Zuckerman et Lubin (1965), ou encore la « Brief Mood Introspection Scale » de Mayer et Gaschke (1988). Ces outils permettent d’accéder au ressenti subjectif du participant et donc de contrôler l’efficacité de l’induction émotionnelle.

Un autre aspect qui doit être pris en considération concerne le fait que toute mesure du ressenti émotionnel peut s’avérer compliquée, car plusieurs émotions peuvent être ressenties simultanément ainsi que successivement au cours de périodes pouvant être extrêmement brèves. La mesure du ressenti émotionnel doit donc être également envisagée selon un point de vue dynamique. Plusieurs auteurs ont souligné l’importance d’utiliser des mesures comportant plusieurs items, tout en réitérant ces mesures (Brenner, 2000 ; Larsen & Fredrickson, 1999 ; Sansone & Thoman, 2005). Comme Ainley, Corrigan et Richardson (2005) le précisent, mesurer un ressenti émotionnel avec une simple échelle de Likert en 5 points, proposant un continuum du négatif au positif, peut s’avérer être inefficace pour distinguer un sentiment neutre d’un sentiment ambivalent.

Compte tenu de ces éléments, une des façons les plus simples d’obtenir des informations sur le ressenti émotionnel d’un individu est l’utilisation d’une auto-mesure de son expérience subjective. Dans ce cas, il est demandé à l’individu d’exprimer son ressenti émotionnel à un moment donné. Le principe de base de ce type d’évaluation repose sur l’idée que le participant est le mieux placé pour ressentir, évaluer et rendre compte de ses propres émotions. Parmi les divers outils de mesure existant, il est possible d’employer des questionnaires à item unique, dans lesquels il est demandé à l’individu d’estimer son ressenti émotionnel à partir d’une émotion spécifique (vous sentez-vous en colère ?) ou d’une dimension affective globale (quel est votre degré de plaisir à cet instant ?).
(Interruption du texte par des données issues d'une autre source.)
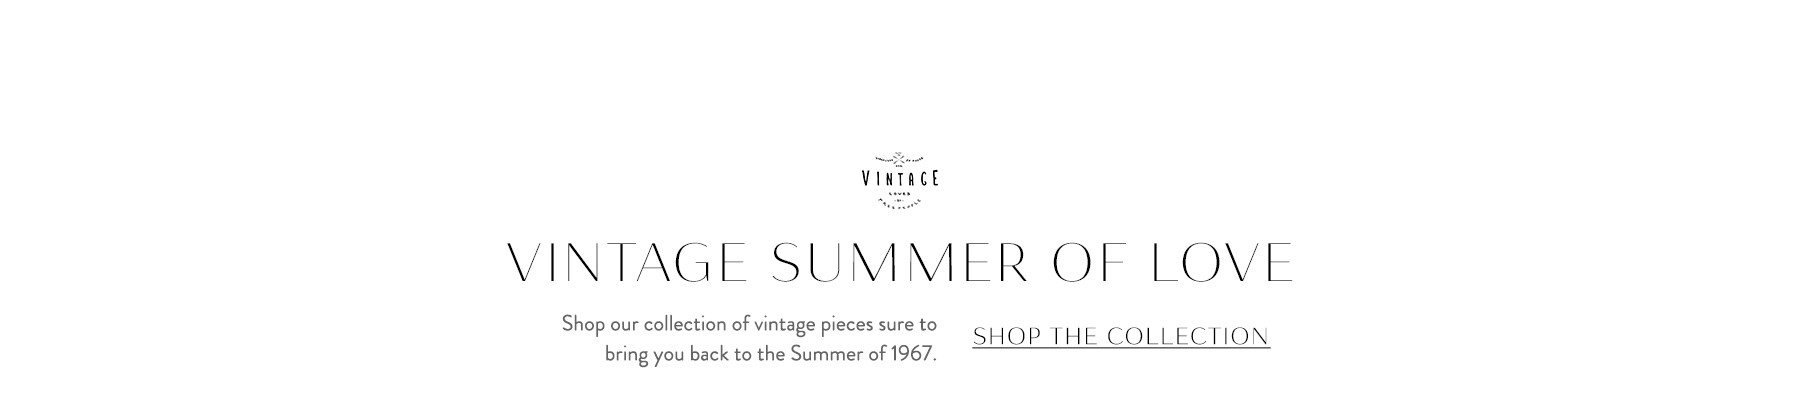 Shop the Vintage Summer of Love Lookbook

Les échelles de réponses peuvent être soit unipolaires (de pas du tout en colère à très en colère), soit

bipolaires (de malheureux à heureux). Classiquement, les participants répondent grâce à une échelle de type Likert en 5 ou 7 points. Les avantages principaux de ce type de mesures à item unique sont qu’elles sont rapides à administrer et surtout facilement compréhensibles par tous les participants (Gross & Levenson, 1995 ; Larsen & Fredrickson, 1999). Leur désavantage est essentiellement leur manque de finesse qui ne favorise pas de contrastes à l’issue des résultats. De plus, la brièveté des réponses à fournir peut induire une trop grande rapidité et une impulsivité des réponses. Une autre possibilité est alors d’utiliser une mesure avec de multiples items, par exemple sous forme d’échelles composées de listes d’adjectifs décrivant des états émotionnels. Dans certains cas, il est demandé au participant de cocher les adjectifs qui correspondent le mieux à ce qu’il ressent ; dans d’autres, il est demandé d’indiquer le degré de ressenti de l’émotion à évaluer.
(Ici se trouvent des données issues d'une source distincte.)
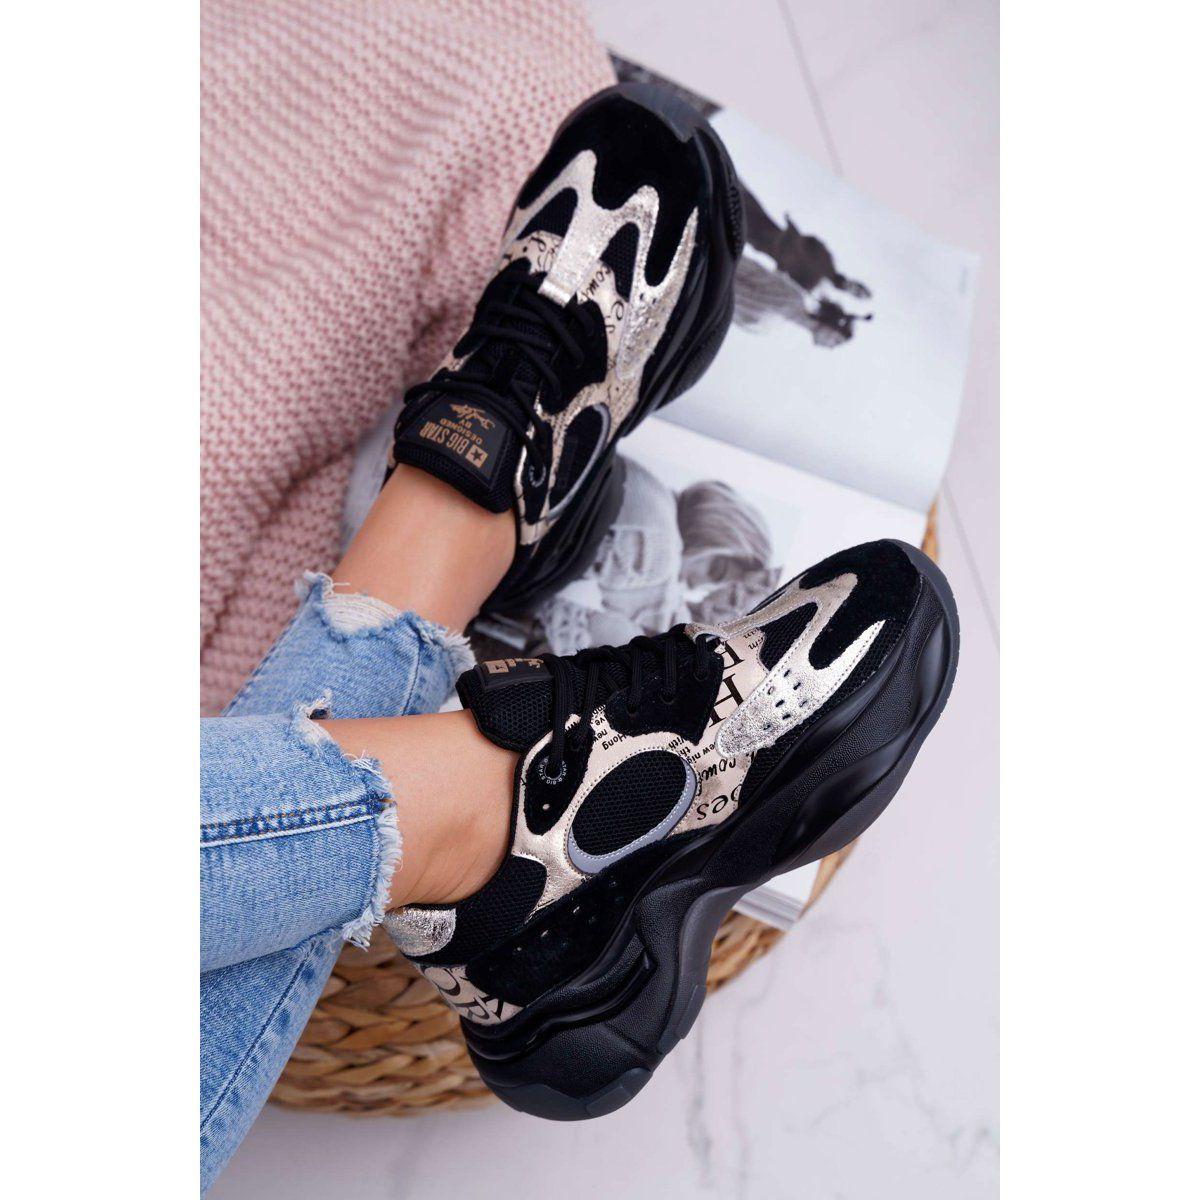 Damskie Sportowe Obuwie Big Star By Daniel Lopez Czarno Zlote Ff274a524 Czarne Zolte Bow Sneakers Sneakers Nike Shoes

Lorsqu’un outil a été choisi, peut se poser la question de l’intérêt de la mesure en temps réel. En effet, le ressenti émotionnel est susceptible de varier grandement en un laps de temps relativement court. Afin de prendre en compte cette évolution du ressenti émotionnel de l’individu, celui-ci doit être évalué à plusieurs reprises au cours du processus expérimental. Stone (1995) précise toutefois que, en raison des mesures répétées, les participants peuvent se lasser de répondre et fournir des réponses stéréotypées.
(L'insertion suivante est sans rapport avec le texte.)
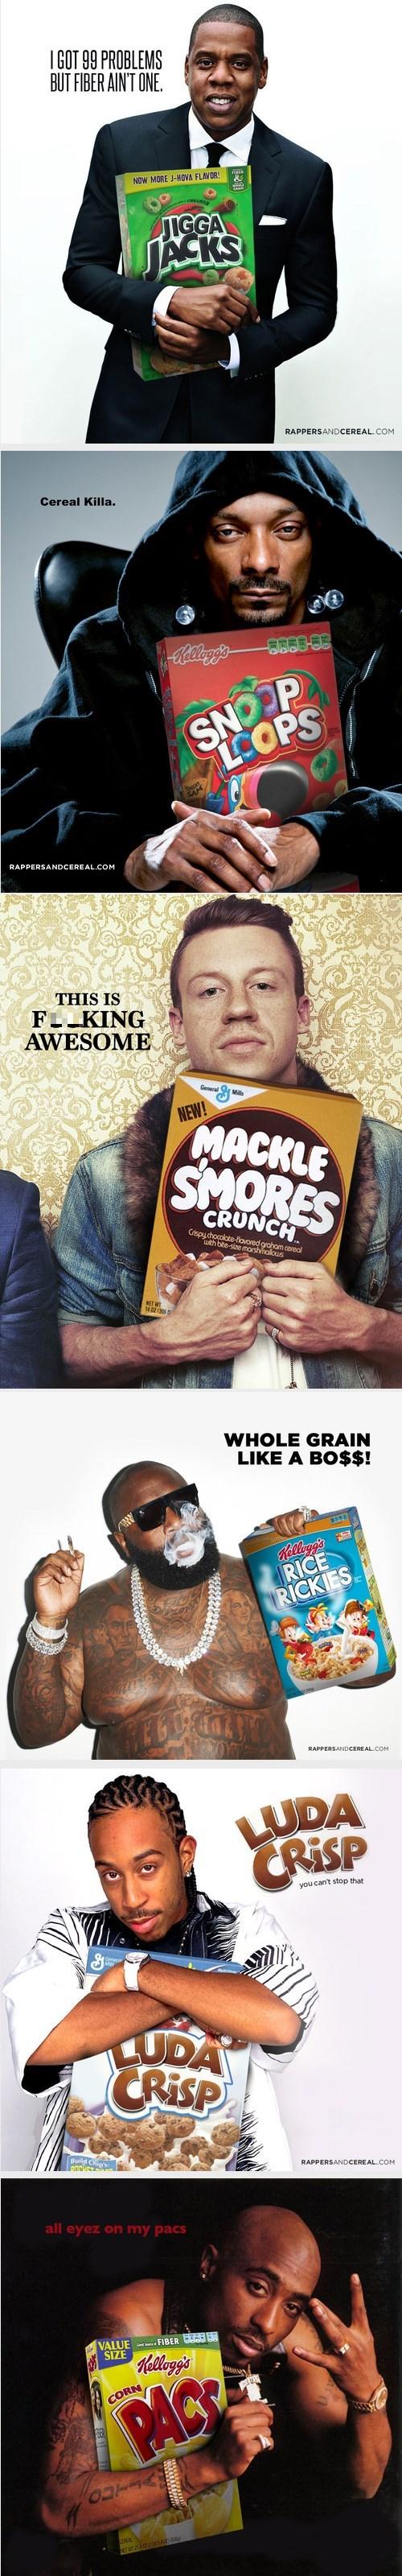 rappers tupac shakur Macklemore ludacris rick ross snoop dogg cereal Jay Z - 7703724032

Globalement, l’évaluation du ressenti émotionnel par le participant représente une méthode facile à mettre en place. Elle repose sur le postulat selon lequel les participants sont capables de répondre à ce type d’évaluation. Pour en être certain, il peut être utile d’utiliser en complément une mesure non verbale du ressenti émotionnel, éventuellement plus simple à comprendre pour certains. L’évaluation non verbale peut permettre l’expression d’un ressenti non verbalisable autrement, et est donc complémentaire de la mesure verbale du ressenti émotionnel (Brenner, 2000 ; Larsen & Fredrickson, 1999).